LncRNA, CRNDE promotes osteosarcoma cell proliferation, invasion and migration by regulating Notch1 signaling and epithelial-mesenchymal transition.

机构信息

Department of Emergency, the First Affiliated Hospital of Xi'an Medical University, Xi'an City, Shaanxi, China.

Department of Cardiovascular Surgery, the First Affiliated Hospital of Xi'an Jiaotong University, Xi'an City, Shaanxi, China.

出版信息

Exp Mol Pathol. 2018 Feb;104(1):19-25. doi: 10.1016/j.yexmp.2017.12.002. Epub 2017 Dec 12.

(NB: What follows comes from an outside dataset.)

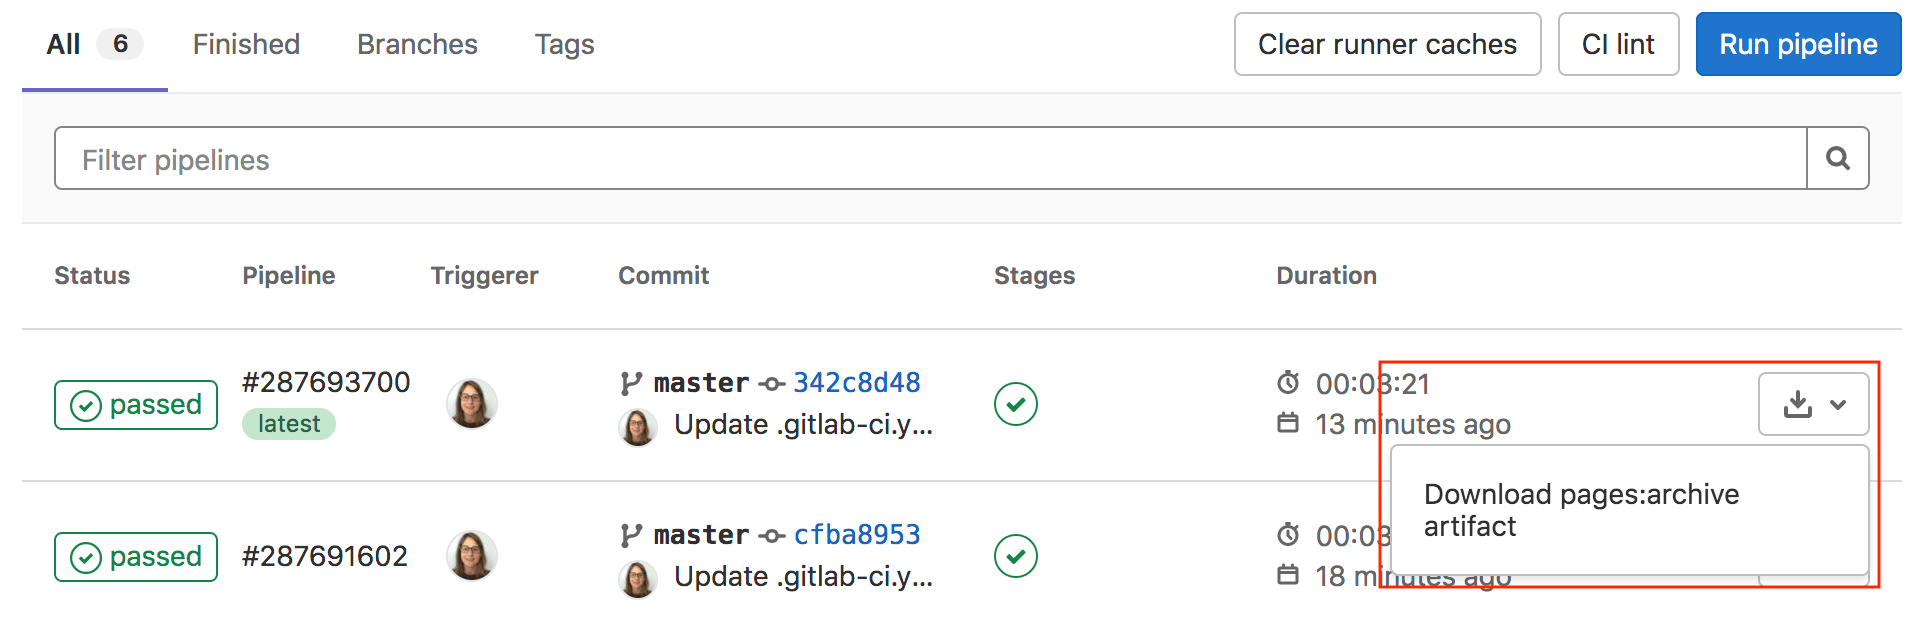 Job artifacts in Pipelines page

DOI:10.1016/j.yexmp.2017.12.002
PMID:29246789
Abstract

Osteosarcoma is the most common bone malignancy in adolescence. Recently, the long non-coding RNAs (lncRNAs) were reported to play important roles in osteosarcoma progression. The present study examined the potential role of the lncRNA, Colorectal Neoplasia Differentially Expressed (CRNDE) and molecular mechanisms underlying osteosarcoma progression. In the present study, we identified that CRNDE was up-regulated in osteosarcoma tissues and cell lines, and CRNDE expression level was significantly higher in osteosarcoma tissues from patients with advanced stage and metastasis. Overexpression of CRNDE promoted cell growth, cell proliferation, cell invasion and migration, and increased cell population at S phase with a decreased cell population at G/G phase in MG-63 cells. Knock-down of CRNDE suppressed cell growth, cell proliferation, cell invasion and migration, and decreased cell population at S phase with an increased cell population at G/G phase in U2OS cells. Overexpression of CRNDE was found to enhance the activity of Notch1 signaling and promote epithelial-mesenchymal transition (EMT) in MG-63 cells, while knock-down of CRNDE exerted the opposite effects in U2OS cells. The in vivo results showed that knock-down of CRNDE suppressed the tumor growth in the nude mice inoculated with osteosarcoma cells, and knock-down of CRNDE also suppressed the mRNA expression of Notch1, JAG1, N-cadherin, vimentin, and increased the mRNA expression of E-cadherin in the tumor tissues. Collectively, our results indicated that CRNDE functioned as an oncogene in osteosarcoma cell lines, and CRNDE may exert its oncogenic role via regulating Notch1 signaling and EMT in osteosarcoma.

摘要

骨肉瘤是青少年中最常见的骨恶性肿瘤。最近,长链非编码 RNA(lncRNA)被报道在骨肉瘤进展中发挥重要作用。本研究探讨了 lncRNA 结直肠肿瘤差异表达(CRNDE)在骨肉瘤进展中的潜在作用及其分子机制。在本研究中,我们鉴定出 CRNDE 在骨肉瘤组织和细胞系中上调,并且 CRNDE 的表达水平在晚期和转移的骨肉瘤患者组织中显著更高。CRNDE 的过表达促进了 MG-63 细胞的细胞生长、细胞增殖、细胞侵袭和迁移,并增加了 S 期细胞群体,降低了 G1/G0 期细胞群体。U2OS 细胞中 CRNDE 的敲低抑制了细胞生长、细胞增殖、细胞侵袭和迁移,并增加了 G1/G0 期细胞群体,降低了 S 期细胞群体。过表达 CRNDE 被发现增强了 Notch1 信号的活性,并促进了 MG-63 细胞中的上皮-间充质转化(EMT),而 CRNDE 的敲低在 U2OS 细胞中则产生了相反的效果。体内结果表明,CRNDE 的敲低抑制了裸鼠接种骨肉瘤细胞后的肿瘤生长,并且 CRNDE 的敲低还抑制了肿瘤组织中 Notch1、JAG1、N-钙粘蛋白、波形蛋白的 mRNA 表达,增加了 E-钙粘蛋白的 mRNA 表达。综上所述,我们的结果表明,CRNDE 在骨肉瘤细胞系中作为癌基因发挥作用,并且 CRNDE 可能通过调节 Notch1 信号和 EMT 在骨肉瘤中发挥其致癌作用。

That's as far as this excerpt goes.